L’avocat a non seulement de beaux jours devant lui, mais la digitalisation de son métier lui offre de belles perspectives. Grâce aux nouveaux outils, il pourra se décharger de tâches laborieuses et bénéficier d’une aide précieuse pour tenir ses connaissances à jour. Dès lors, il sera en mesure d’aller au-delà de la jurisprudence et d’exprimer sa créativité, qui constitue sa valeur ajoutée réelle. Ne nous lançons donc pas dans des prospectives trop sombres : si l’intelligence artificielle est amenée à faire évoluer les pratiques du droit, sa place est avant tout au service de l’intelligence humaine.

Pour un techno-humanisme porté par les professions juridiques !

N’oublions pas, enfin, que les avocats ne sont pas contraints de rester passifs dans la transformation de leur métier. Si, selon les mots de Dominique Cardon , le commun des mortels préfère ignorer les conditions de production des algorithmes, il est tout à fait possible, pour les différentes professions, de prendre la main sur le développement des intelligences artificielles pour qu’elles ne dérogent jamais à une certaine déontologie.

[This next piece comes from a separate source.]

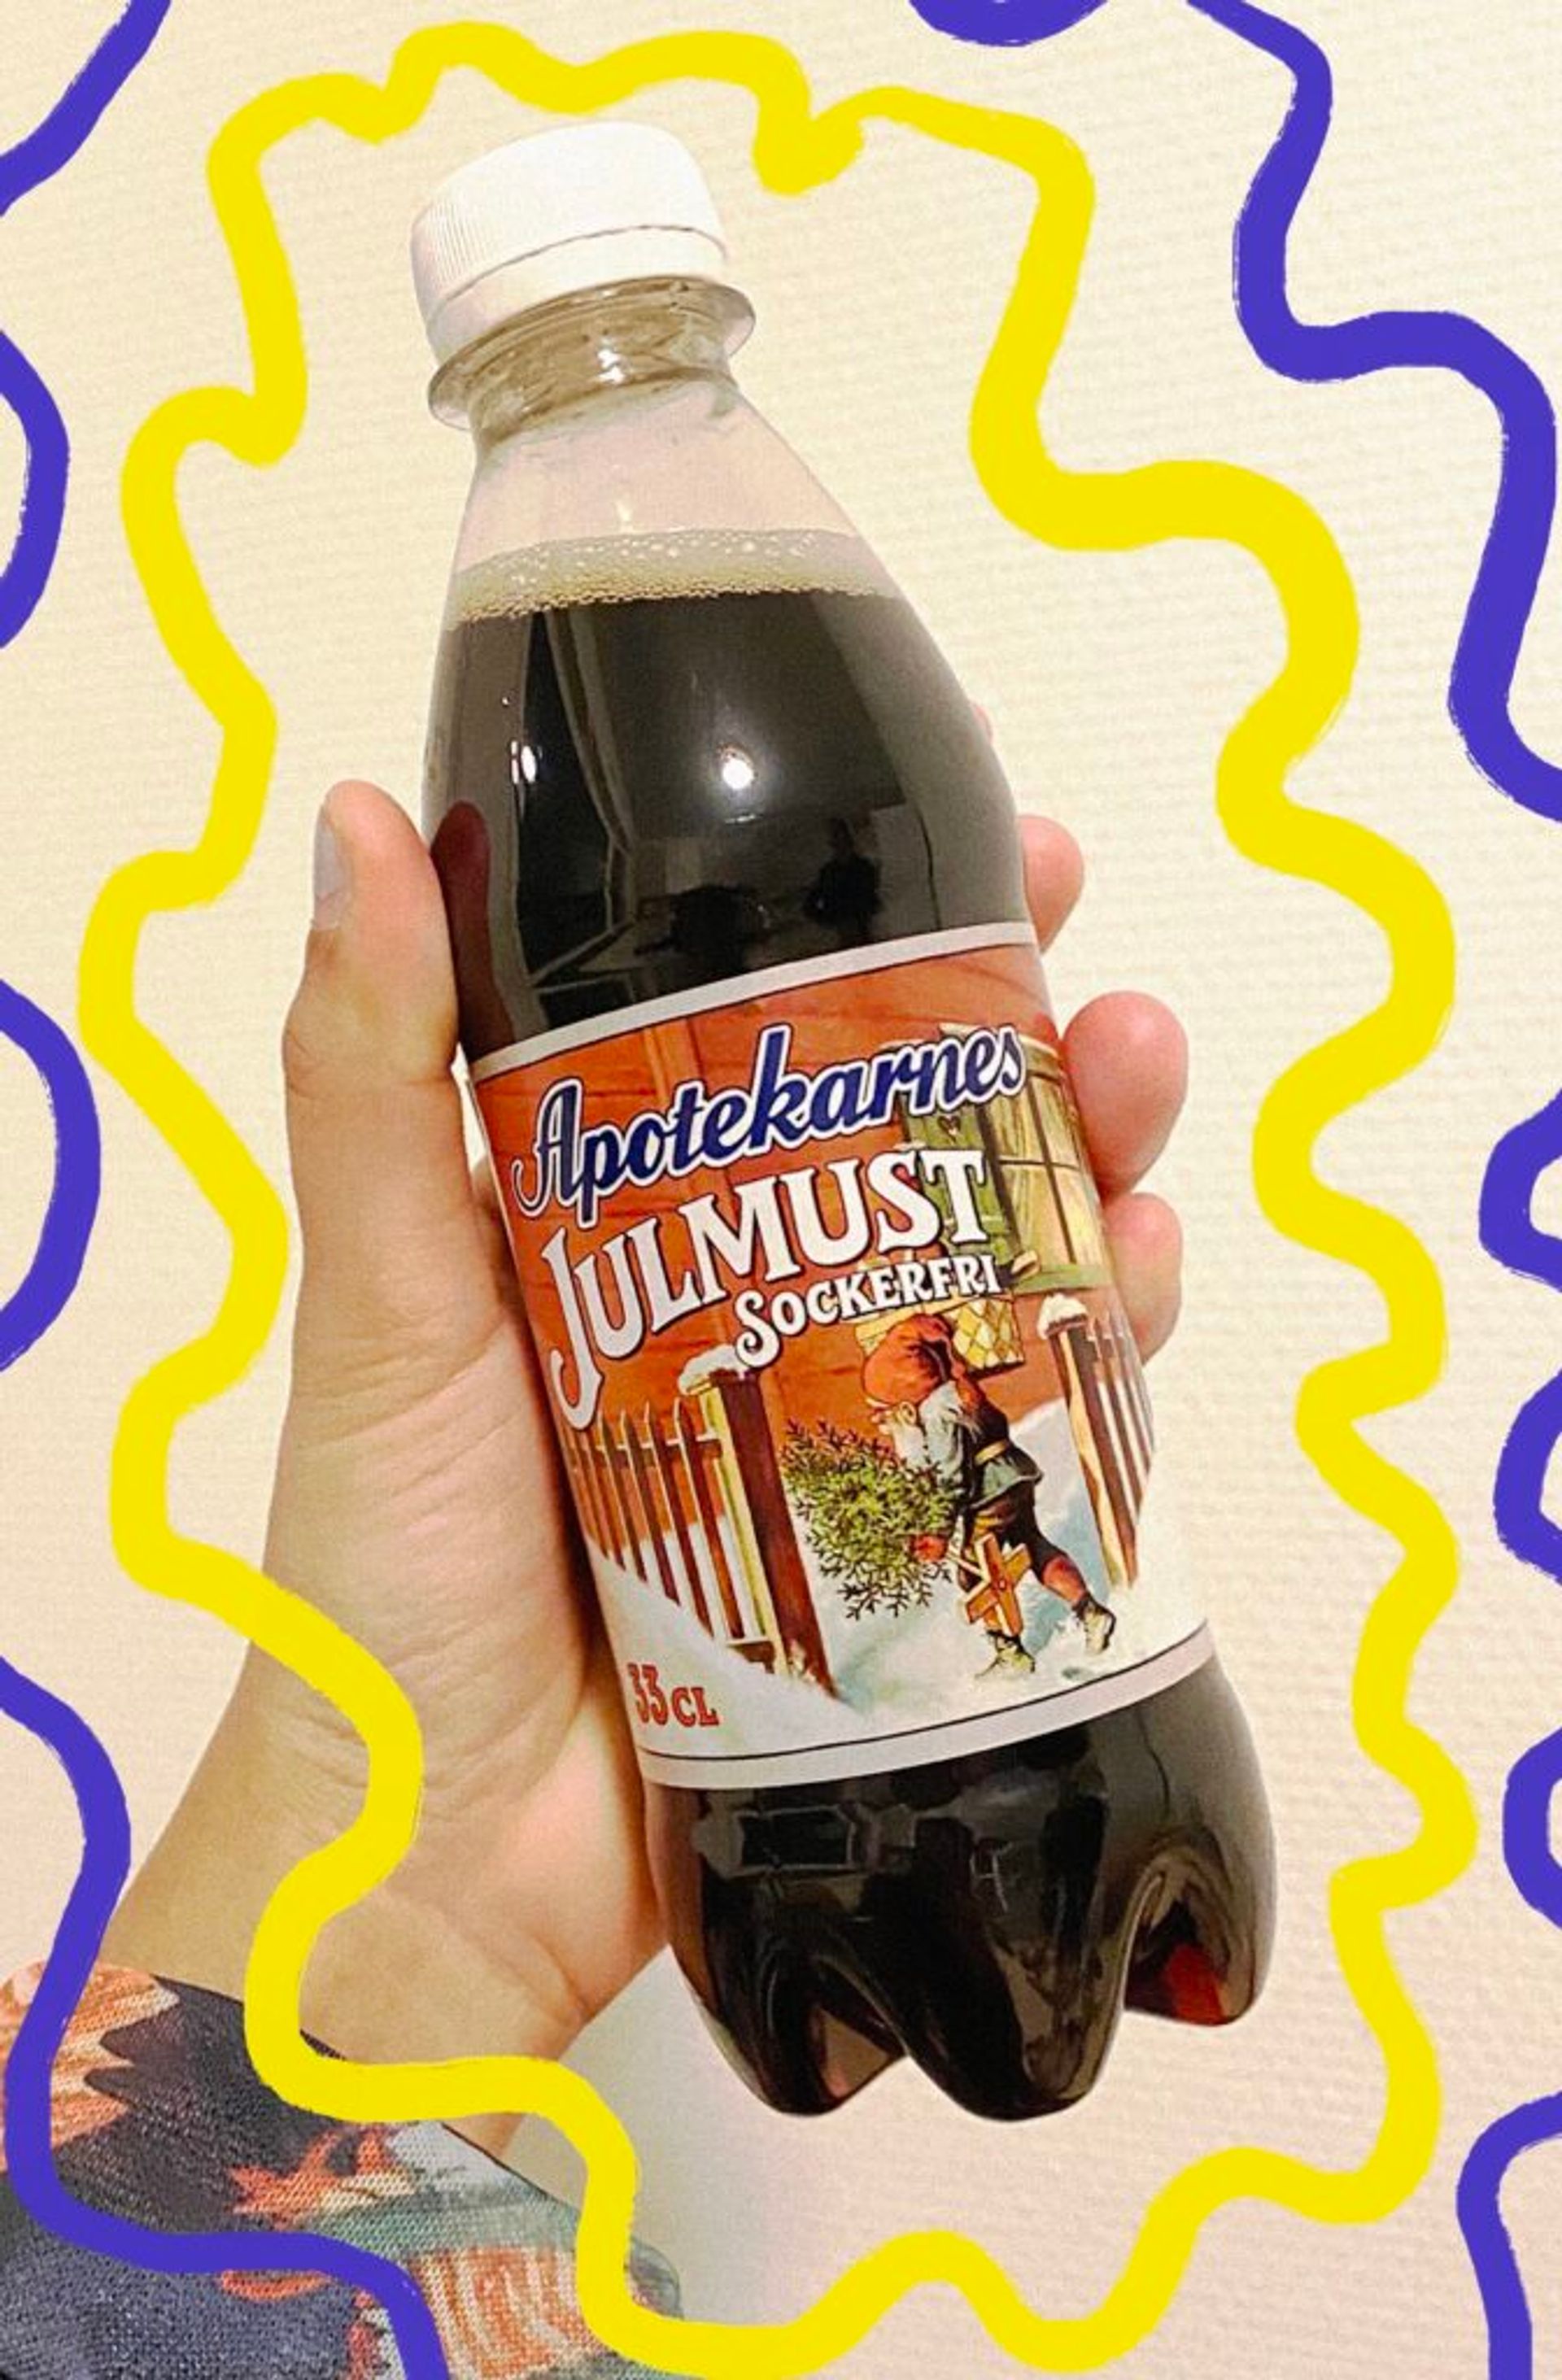 Julmust or Christmas soda typical to Sweden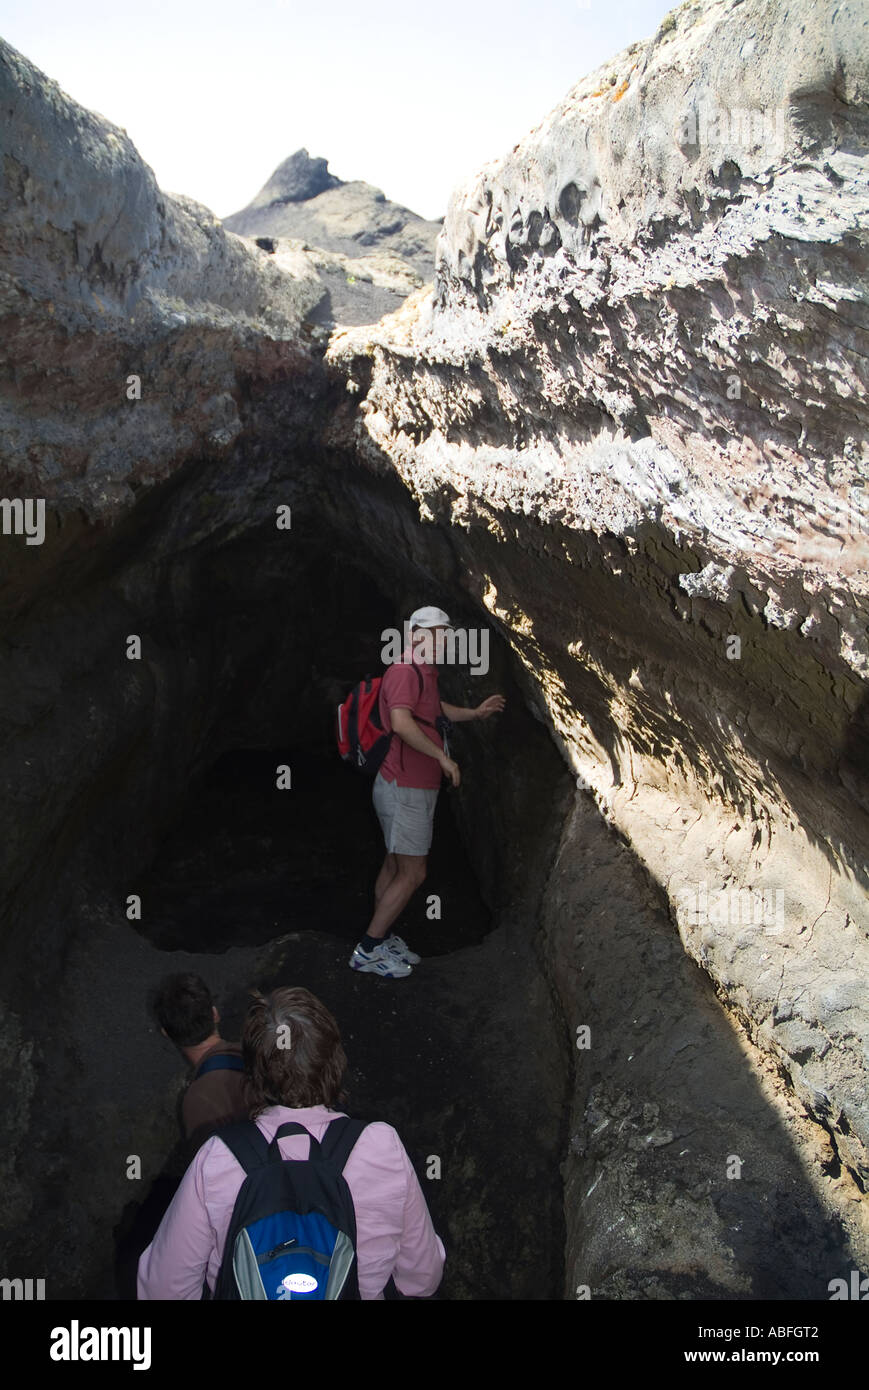 dh Timanfaya National Park TIMANFAYA LANZAROTE Guided tour hikers trekking in pahoehoe lava flow volcanic tunnel cave people Stock Photo

C’est tout l’enjeu d’une collaboration poussée entre avocats et legaltechs, qui conçoivent les outils numériques en itérant avec leurs utilisateurs. Cette dynamique est profitable à tous : au professionnel, qui demeure maître de son destin, au citoyen, qui accède plus facilement aux sources du droit, et plus globalement au système judiciaire, qui gagne en efficacité. La révolution de l’intelligence artificielle, loin d’être une menace, est une formidable opportunité pour l’avocat de garantir que l’homme demeure toujours au centre de la justice. Il s’agit, ni plus ni moins, d’assumer un positionnement techno-humaniste incontournable à l’heure du « deuxième âge de la machine »4 .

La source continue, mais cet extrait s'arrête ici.